Different teams answer these questions in different ways. Some prioritise speed of delivery, aiming to produce a functional system as quickly as possible. Others anticipate change and design accordingly, introducing structure that may not be immediately visible but becomes critical over time.
Both approaches can produce a working product. Only one is likely to remain stable once exposed to real-world conditions. The variation in cost begins here, in the gap between what is specified and what is assumed.
The Anatomy of an Estimate
To understand why quotes diverge, we must look beneath the surface of the proposal and into the anatomy of the system being described. Architecture and engineering integrity are the primary drivers of cost, even when they are not articulated explicitly.
A system can be constructed quickly by coupling components tightly and minimising upfront structure. This approach delivers speed, but it trades that speed for long-term friction. Alternatively, a system can be designed with modularity and extensibility in mind, which demands more effort initially but reduces the re-work tax later.
Alongside architecture sits what might be described as the invisible infrastructure. Security mechanisms must be defined and enforced. Data must be handled predictably and safely. Error conditions must be anticipated rather than discovered in production. These elements do not announce themselves in a user interface, yet they determine whether a system remains stable or begins to degrade as complexity increases.
When this layer is treated as integral, it shapes the estimate accordingly. When it is deferred, the initial cost falls, but the system inherits a form of structural fragility that only reveals itself under pressure. This is where many “cheaper” systems begin to unravel.
AI and the Illusion of Completion
Recent advances in AI-assisted development have intensified these dynamics. The ability to generate working code rapidly has compressed the time required to produce something that resembles a finished product. To an observer, the system appears complete because it responds, renders and behaves as expected.
Yet AI is exceptional at producing plausible code. Plausible code passes a demo. It does not guarantee behaviour in production.
Professional software is something else entirely. It must exhibit consistency, enforce rules, and degrade gracefully when things go wrong. These qualities do not emerge from code generation alone. They come from deliberate design, constraint, and experienced oversight.

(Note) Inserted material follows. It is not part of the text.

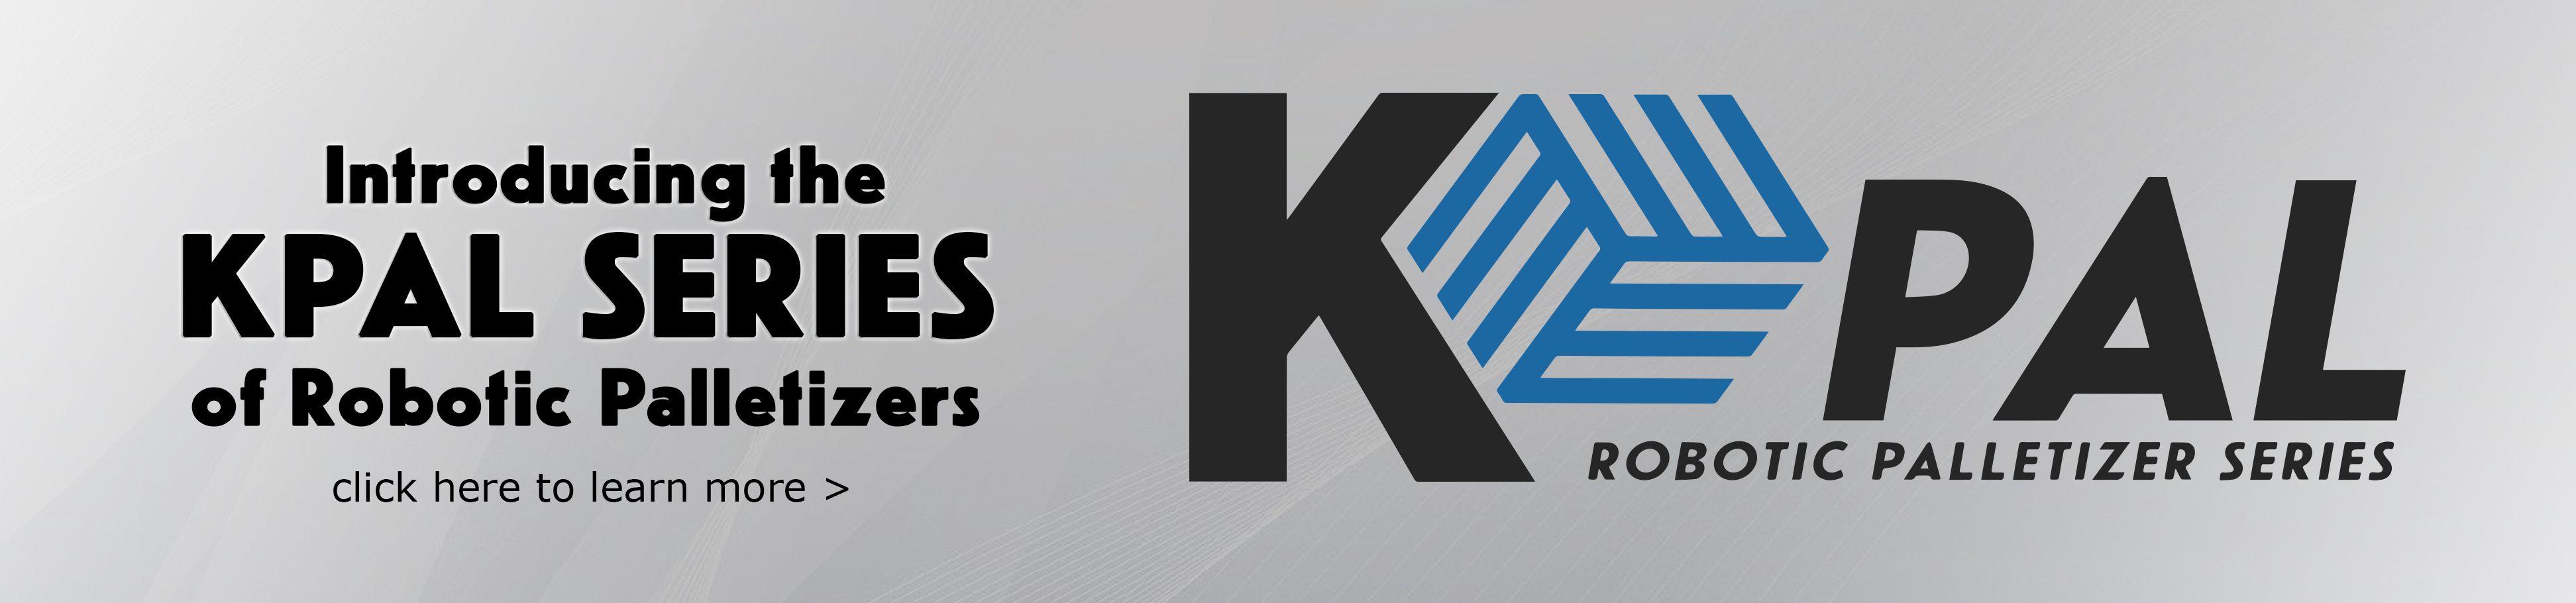 KPal SeriesB.jpg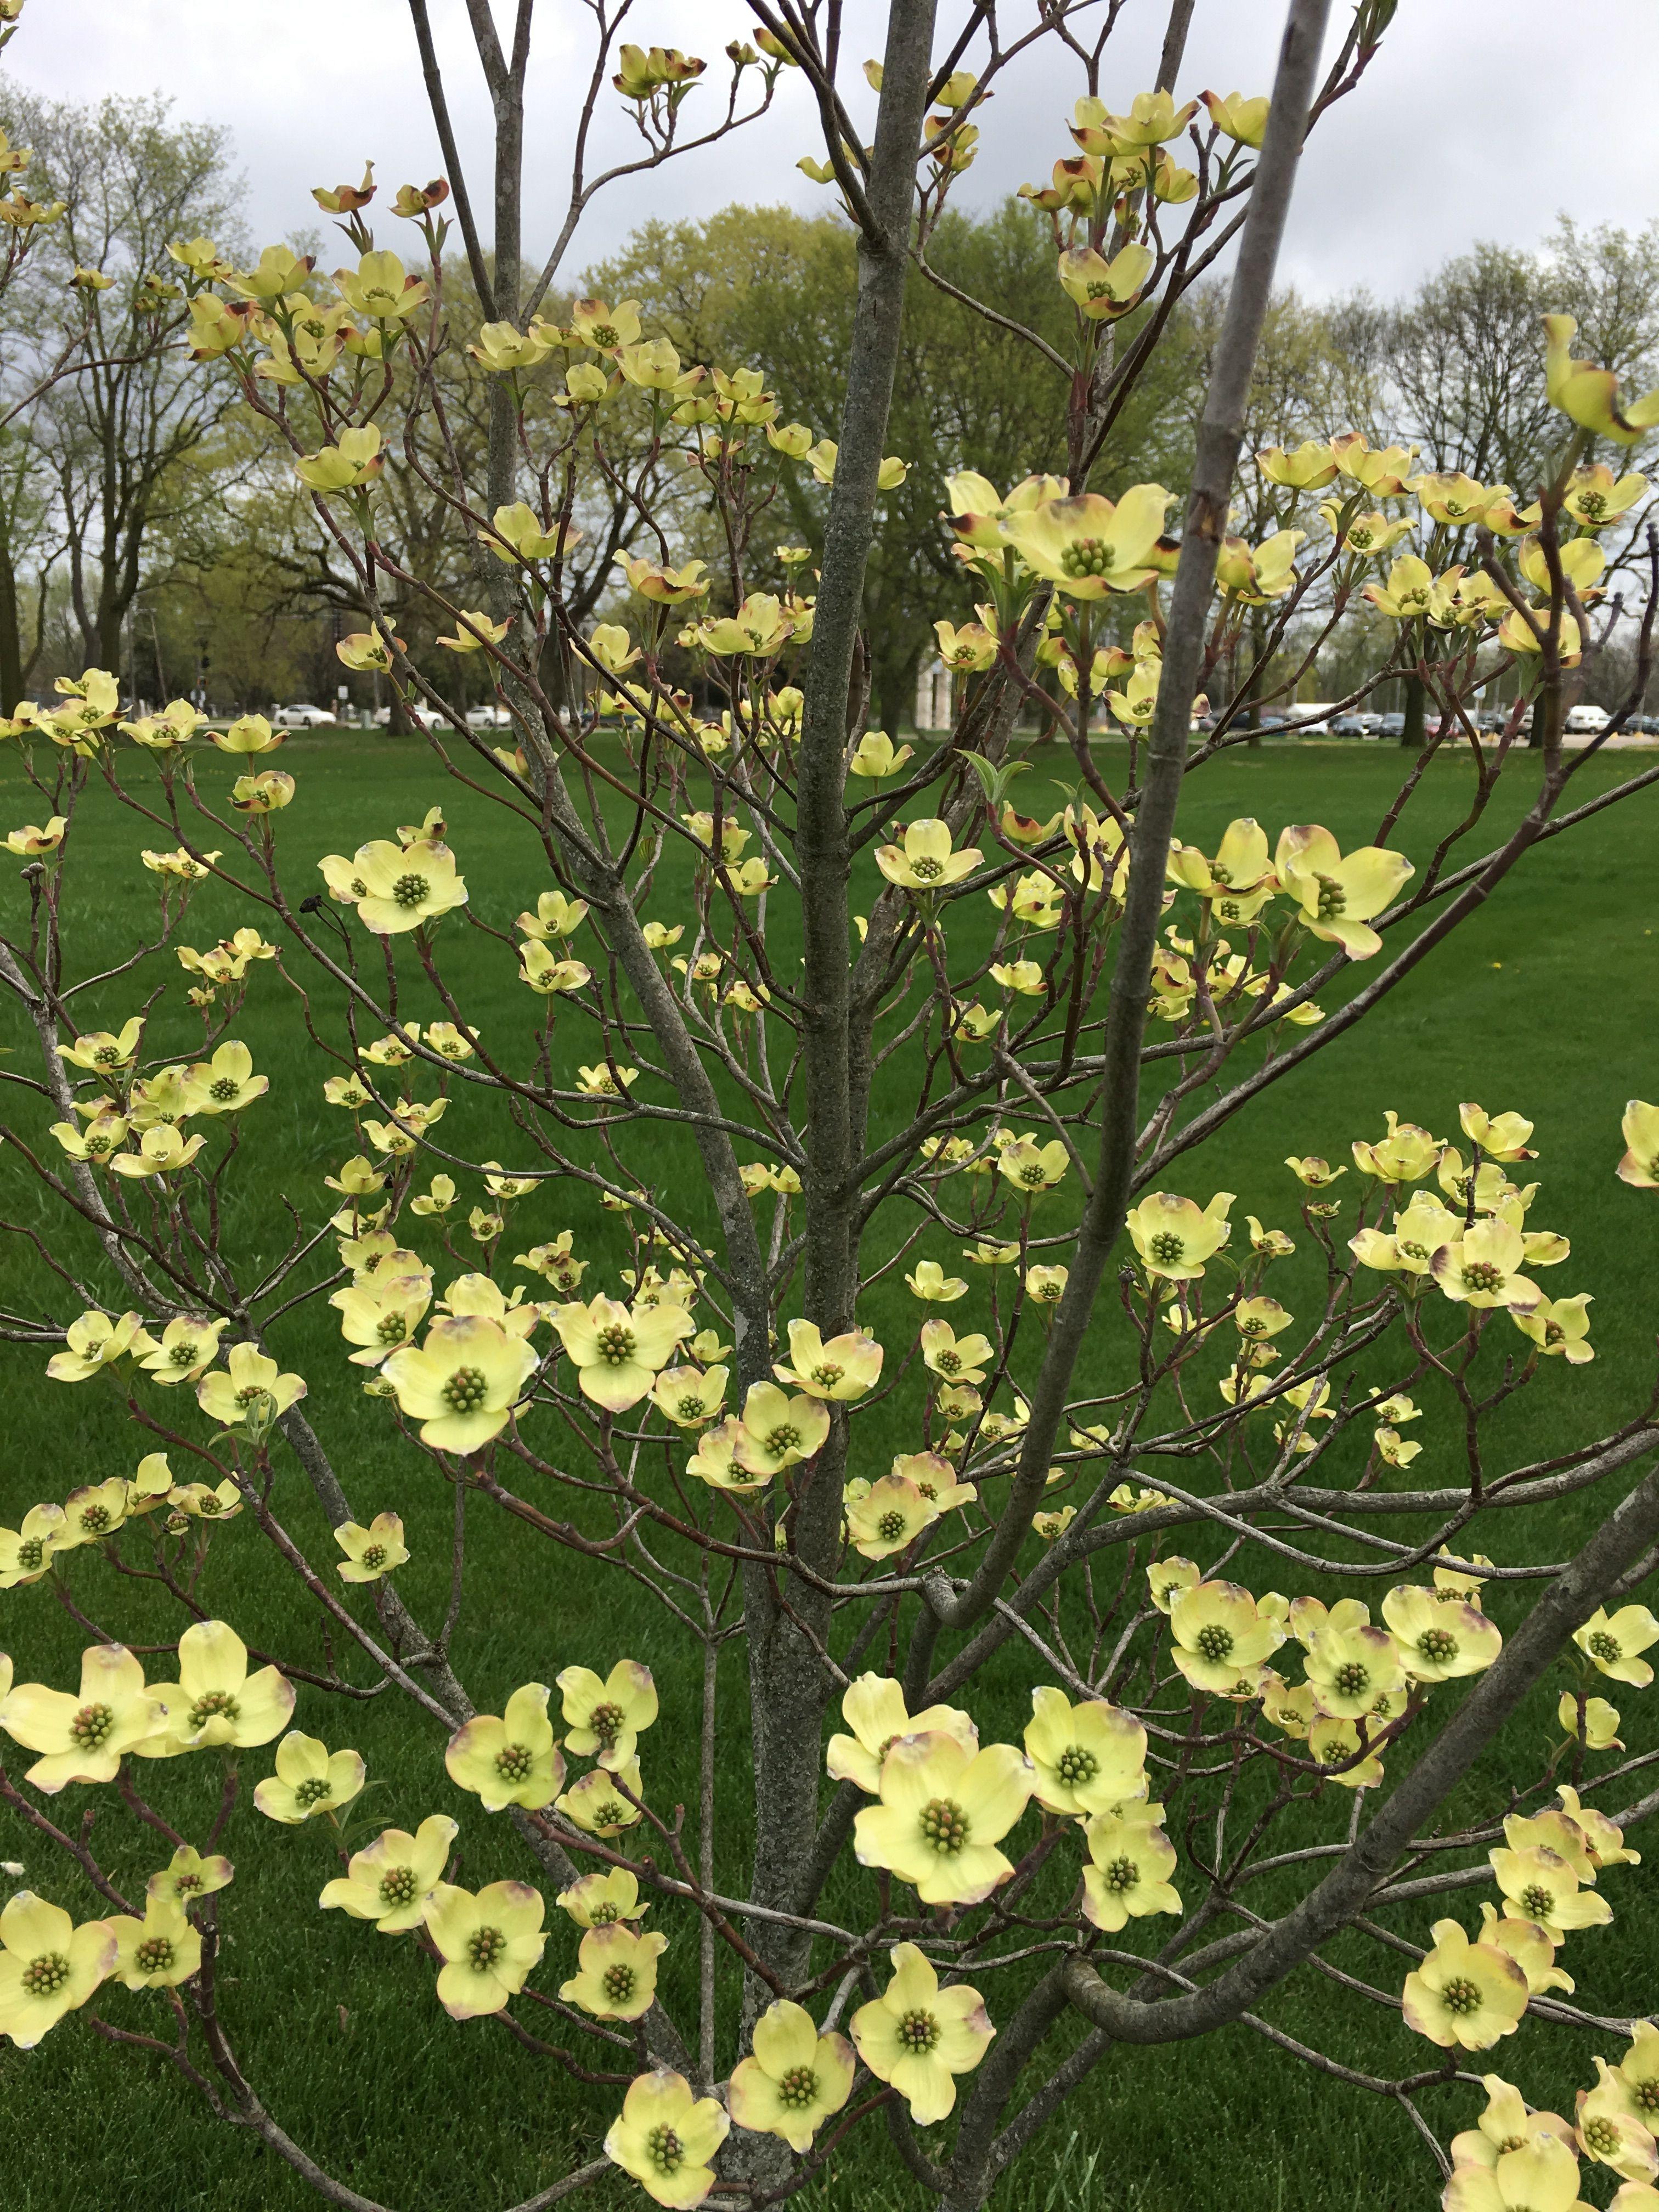 White Flowering Dogwood. Pale yellow flowers turn to white

When AI is used to accelerate a well-structured system, it is highly effective. When it is used to bypass structural thinking, it produces systems that look finished but lack the integrity required for real-world use.
This is why two AI-assisted builds can differ so widely in cost. The difference lies not in the tool, but in how it is applied.
The Real Cost of the “Cheapest” Option
The appeal of the lowest quote is easy to understand. It appears to reduce immediate risk and lower the barrier to entry. In practice, it often does the opposite.
By excluding the work that gives a system resilience, a budget-focused build shifts risk into the future. That risk surfaces as instability, increased maintenance, and, in many cases, the need for a full rebuild once the system reaches its limits.
At GearedApp, we do not aim to be the cheapest number on the table. We aim to be the most predictable. Our model is built around small, senior-led teams where decisions sit close to the work itself. This allows us to move quickly without removing engineering discipline. The trade-off is explicit. We do not build disposable systems. We build systems that are expected to last.
Choosing a quote is not simply a financial decision. It is a judgment about how the system will behave beyond its initial release. A lower number may represent efficiency, but it may also represent omission. In software, the cheapest option is rarely a bargain. It is a gamble. And more often than not, it gets paid for twice.